• TASK REQUIREMENTS: Word for word and without images, reproduce the listing that follows.
── DATASET SECTION ──
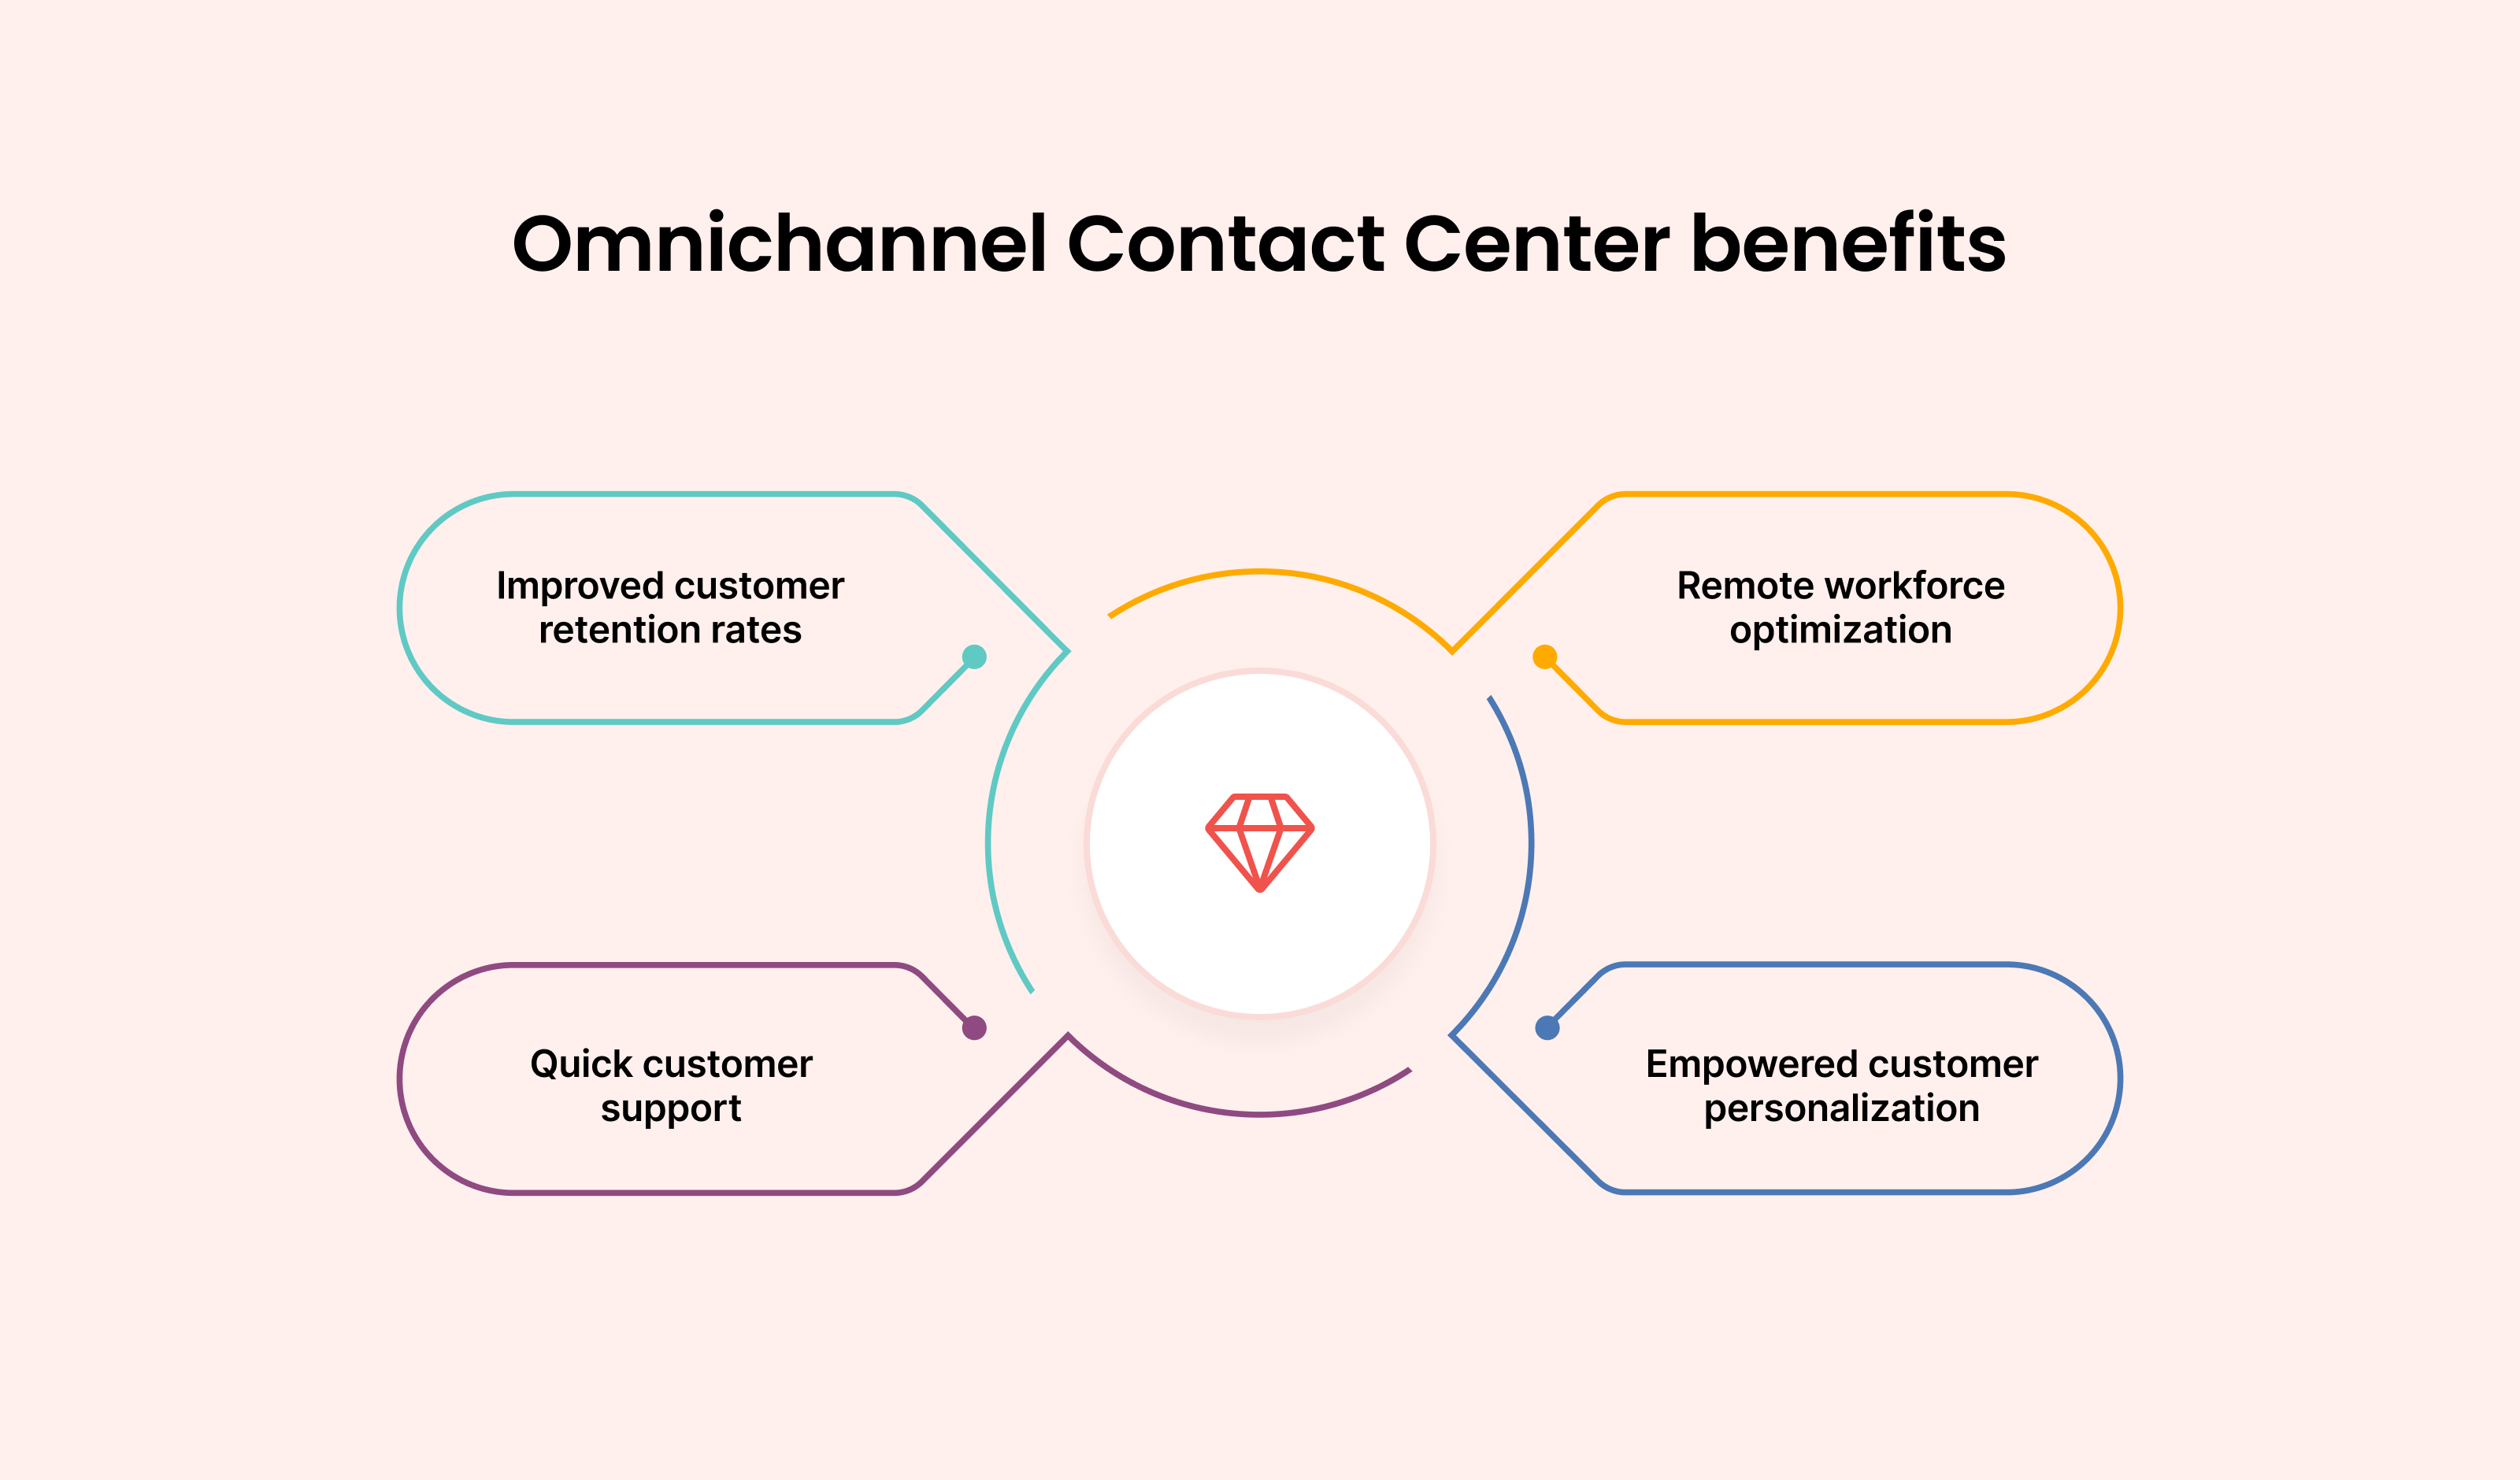 Omnichannel Contact Center Benefits:
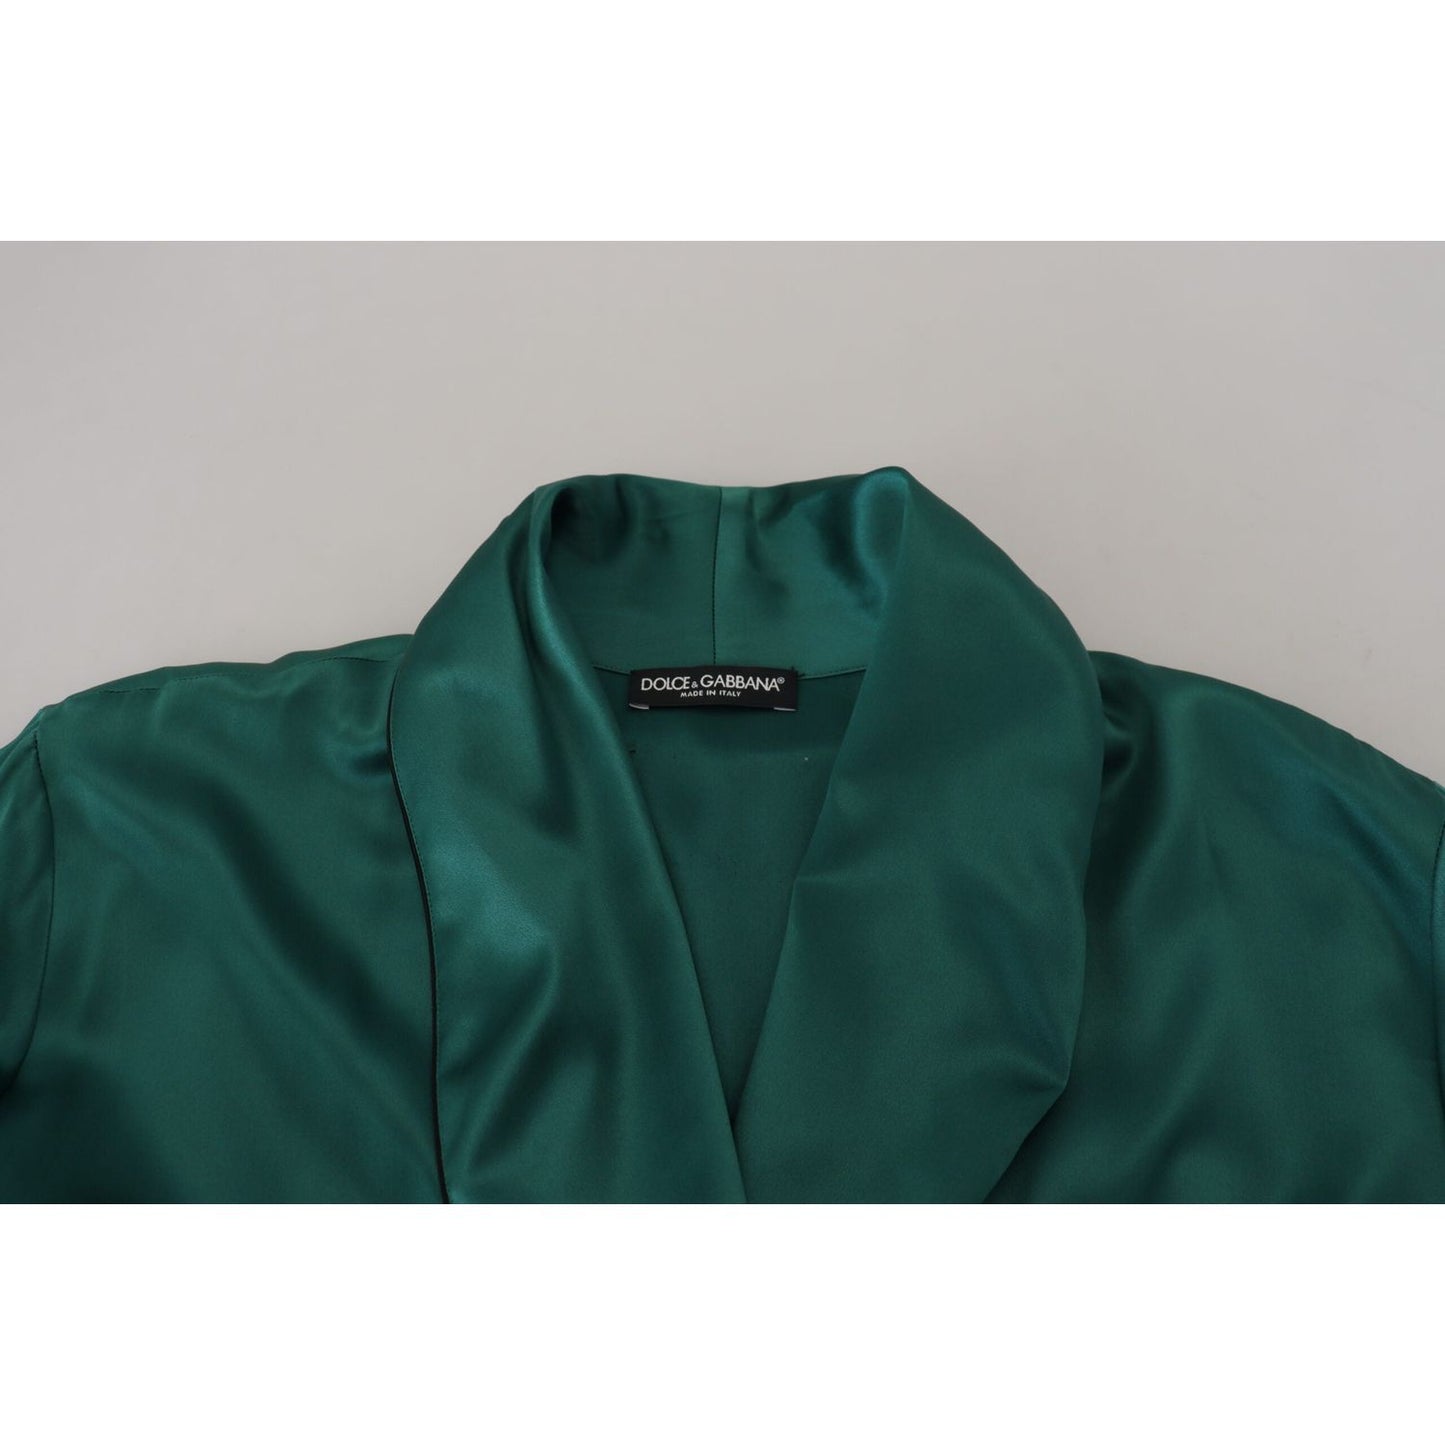 Dolce & Gabbana Elegant Silk Robe in Lush Green green-silk-waist-belt-robe-sleepwear IMG_4012-scaled-530c360c-af3.jpg
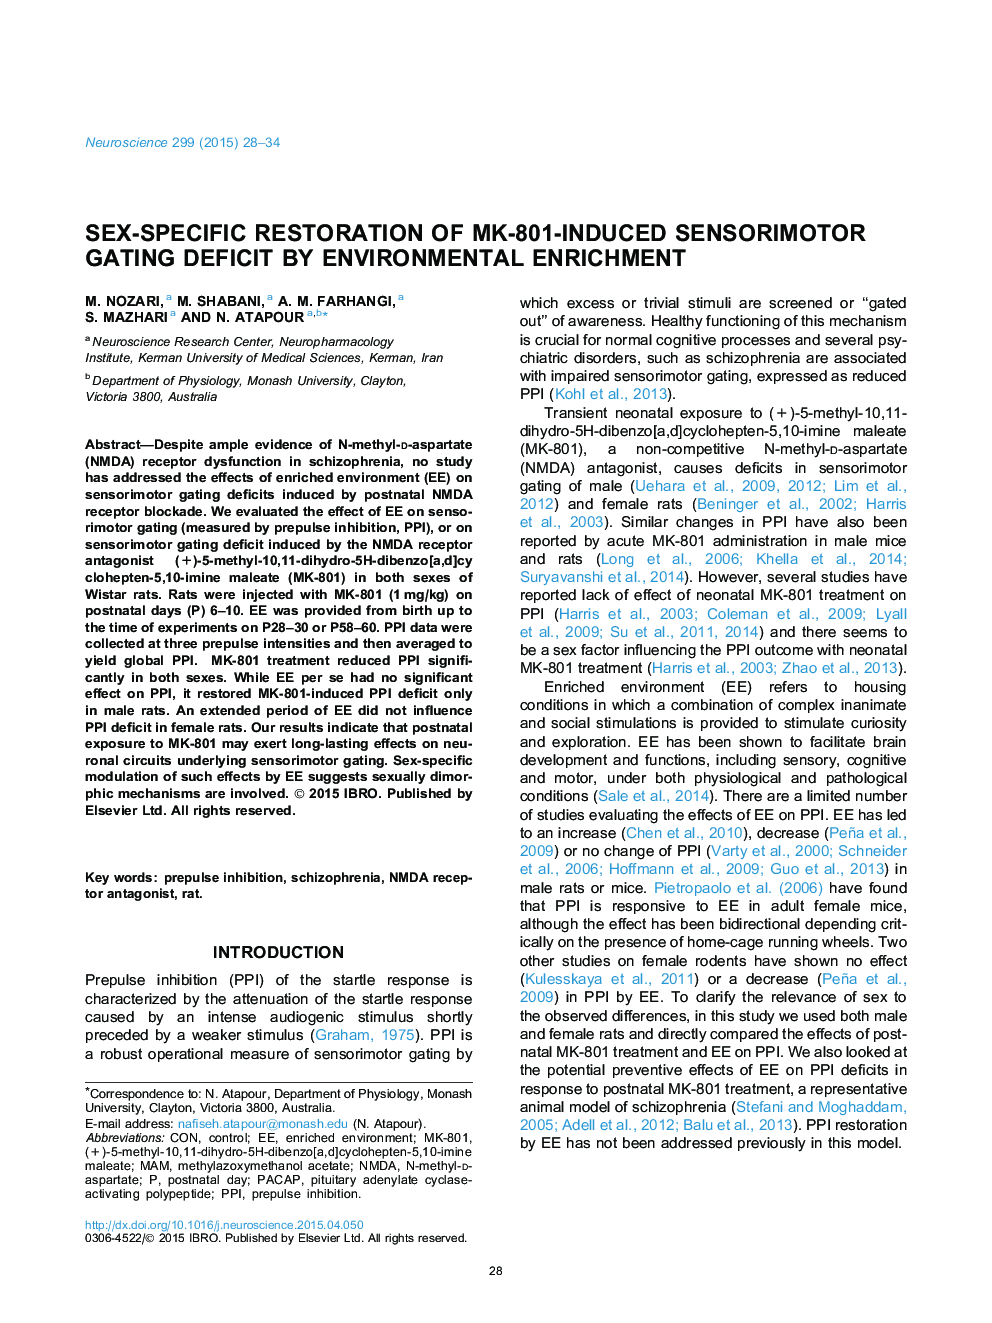 Sex-specific restoration of MK-801-induced sensorimotor gating deficit by environmental enrichment
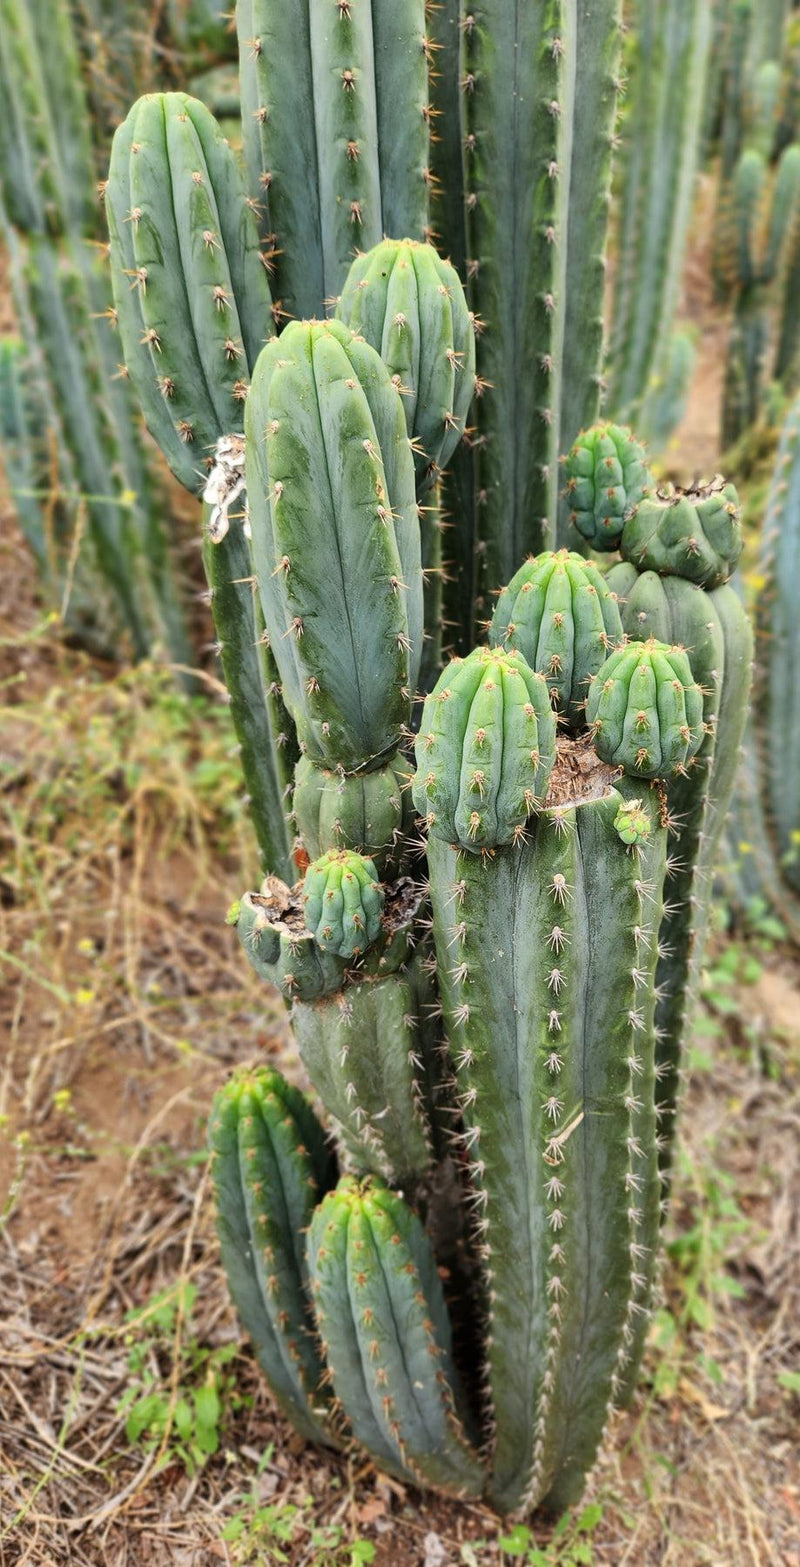 #EC196 EXACT trichocereus Peruvianus "Rancho" Ornamental Cactus Cuttings and Potted
───
• SOLUTION TO THIS TASK:
 Omnichannel Contact Center Benefits:
 Dolce & Gabbana Elegant Silk Robe in Lush Green green-silk-waist-belt-robe-sleepwear IMG_4012-scaled-530c360c-af3.jpg
 Sex-specific restoration of MK-801-induced sensorimotor gating deficit by environmental enrichment
 #EC196 EXACT trichocereus Peruvianus "Rancho" Ornamental Cactus Cuttings and Potted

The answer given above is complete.